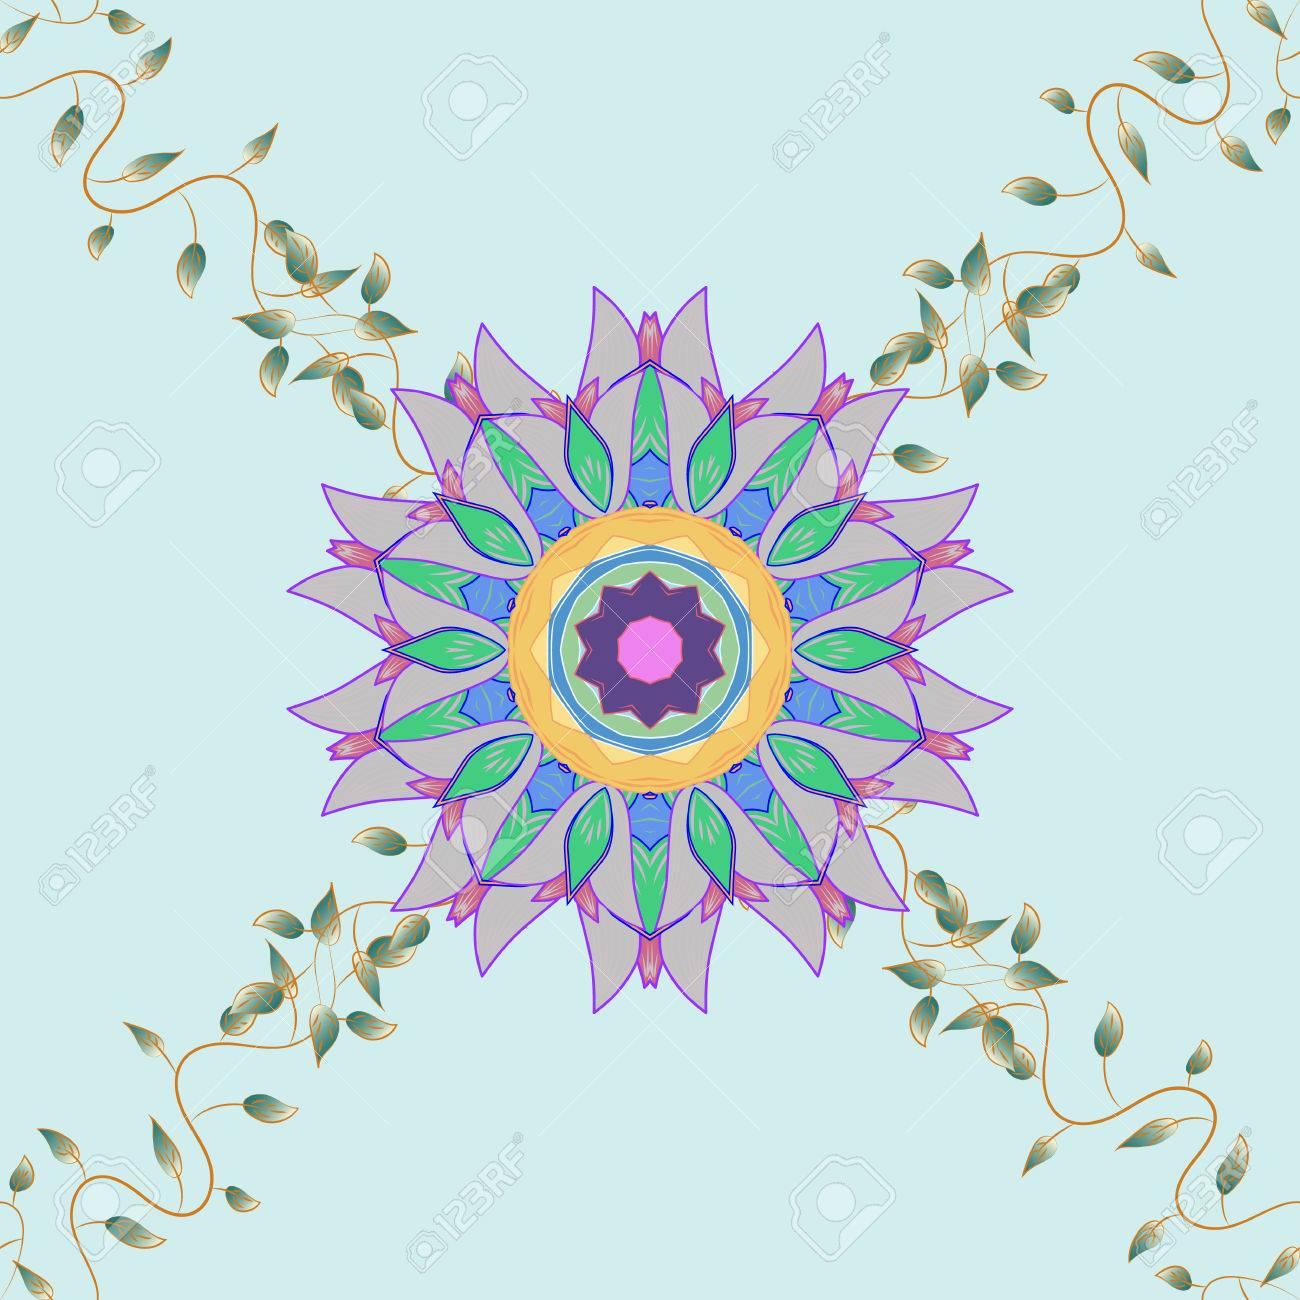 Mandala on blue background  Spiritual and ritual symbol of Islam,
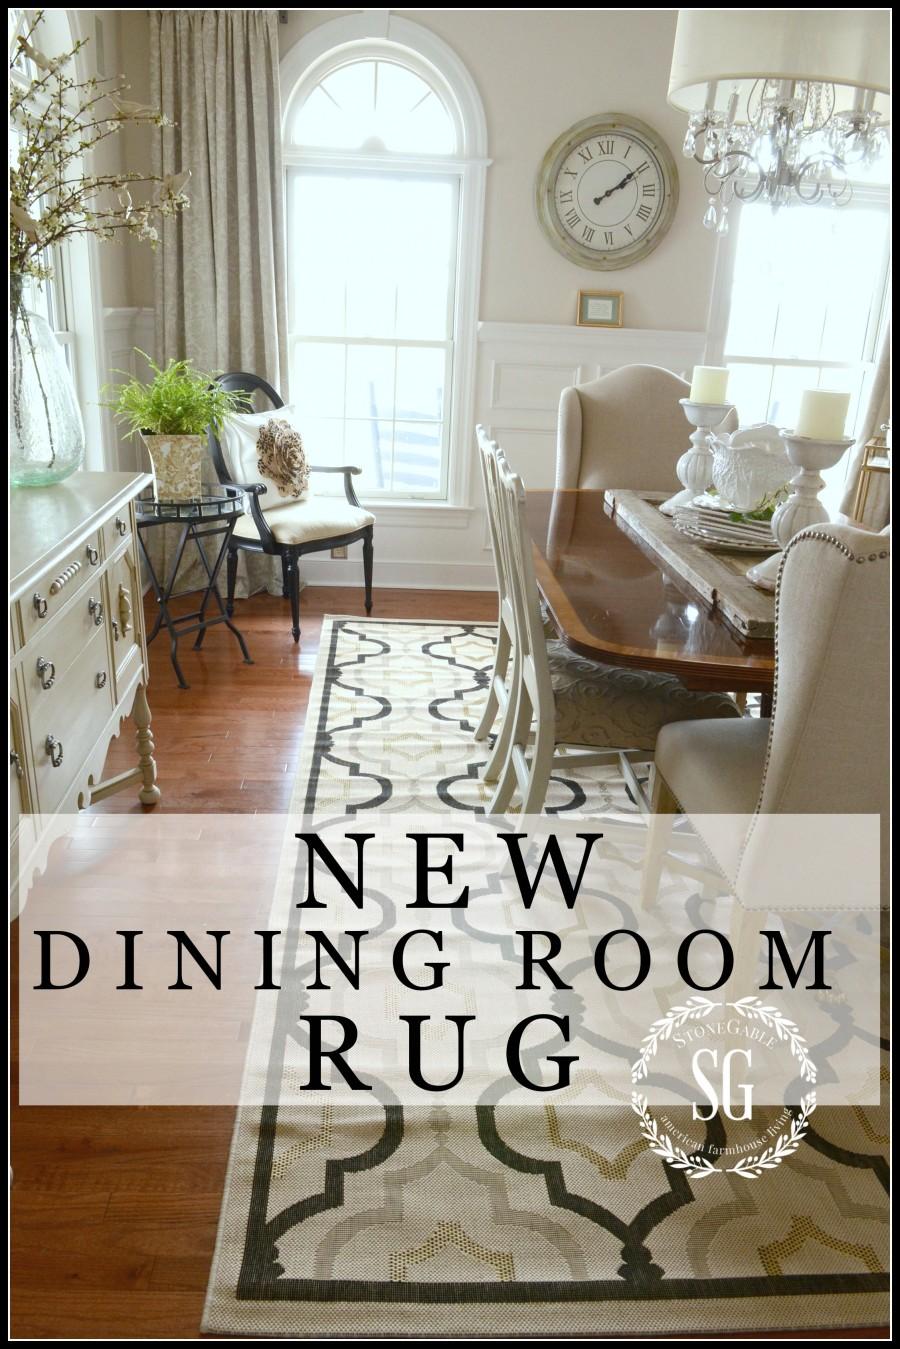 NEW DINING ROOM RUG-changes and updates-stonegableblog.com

...

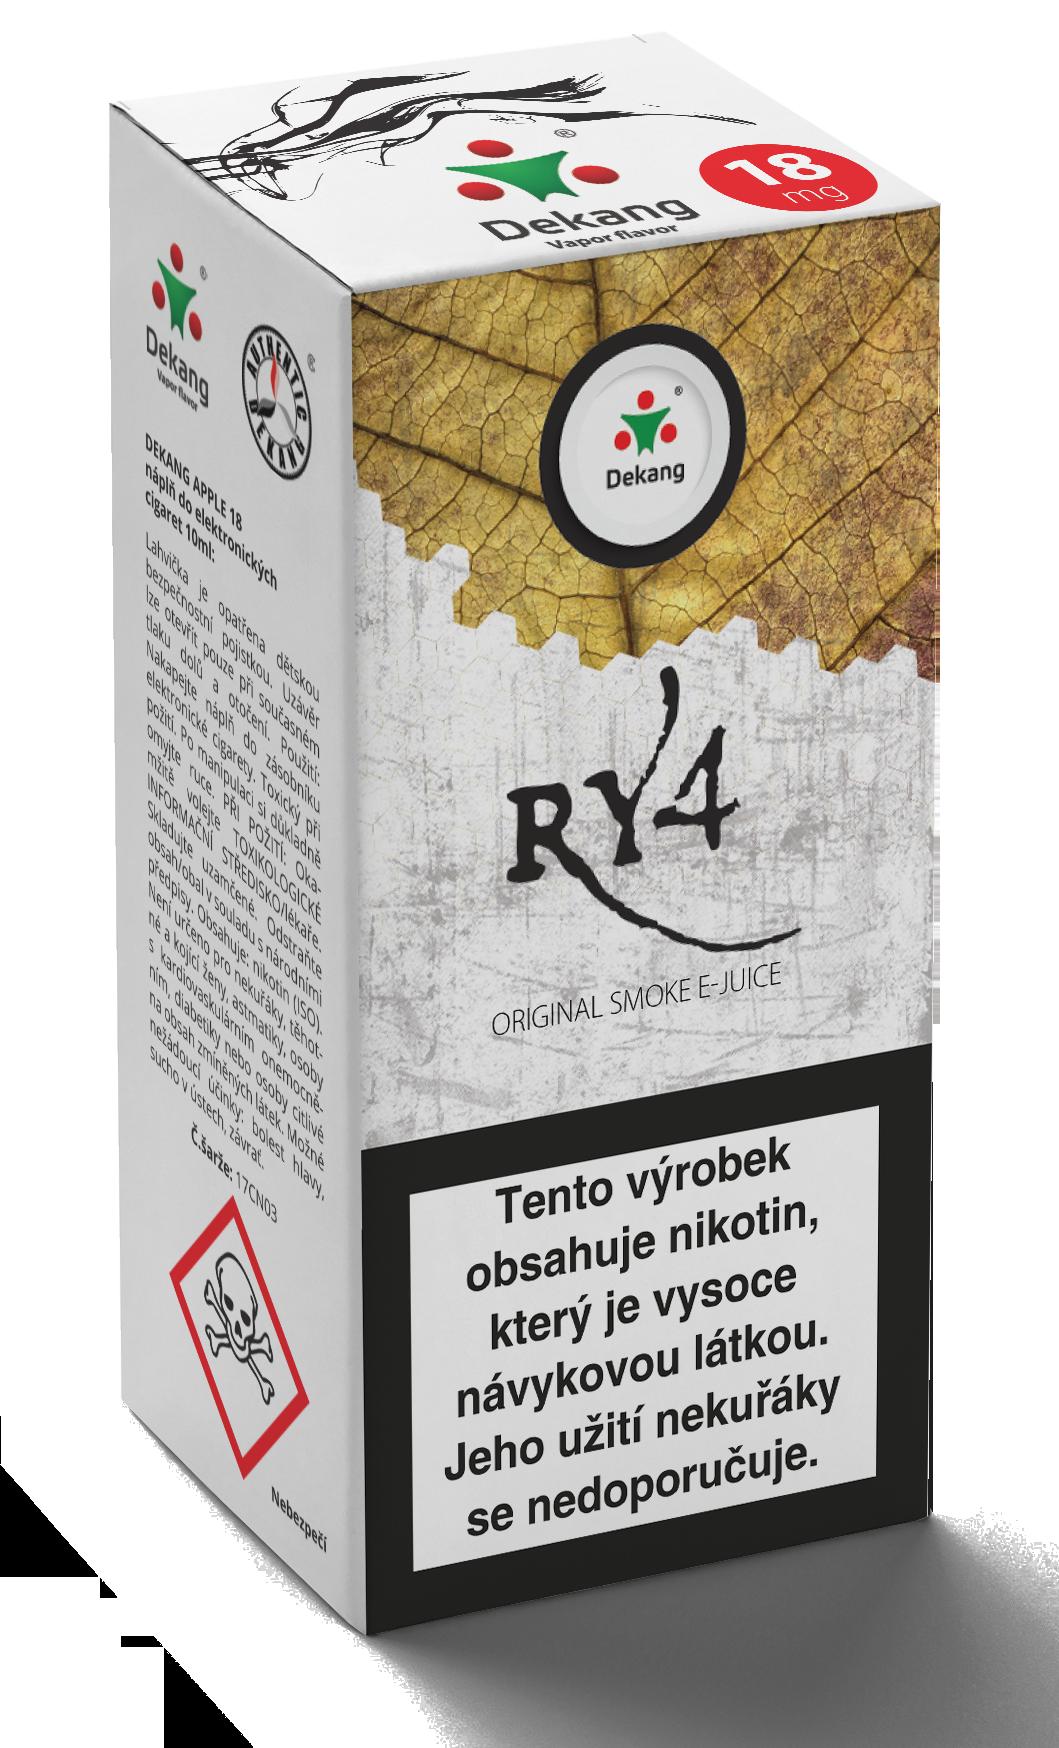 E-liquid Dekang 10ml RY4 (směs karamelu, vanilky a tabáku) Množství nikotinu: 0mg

Activity: Return the lines above from the one with "Mandala on blue" through the one with "NEW DINING ROOM", verbatim and nothing else. Omit every picture.

Task solution:
 Mandala on blue background  Spiritual and ritual symbol of Islam,
 NEW DINING ROOM RUG-changes and updates-stonegableblog.com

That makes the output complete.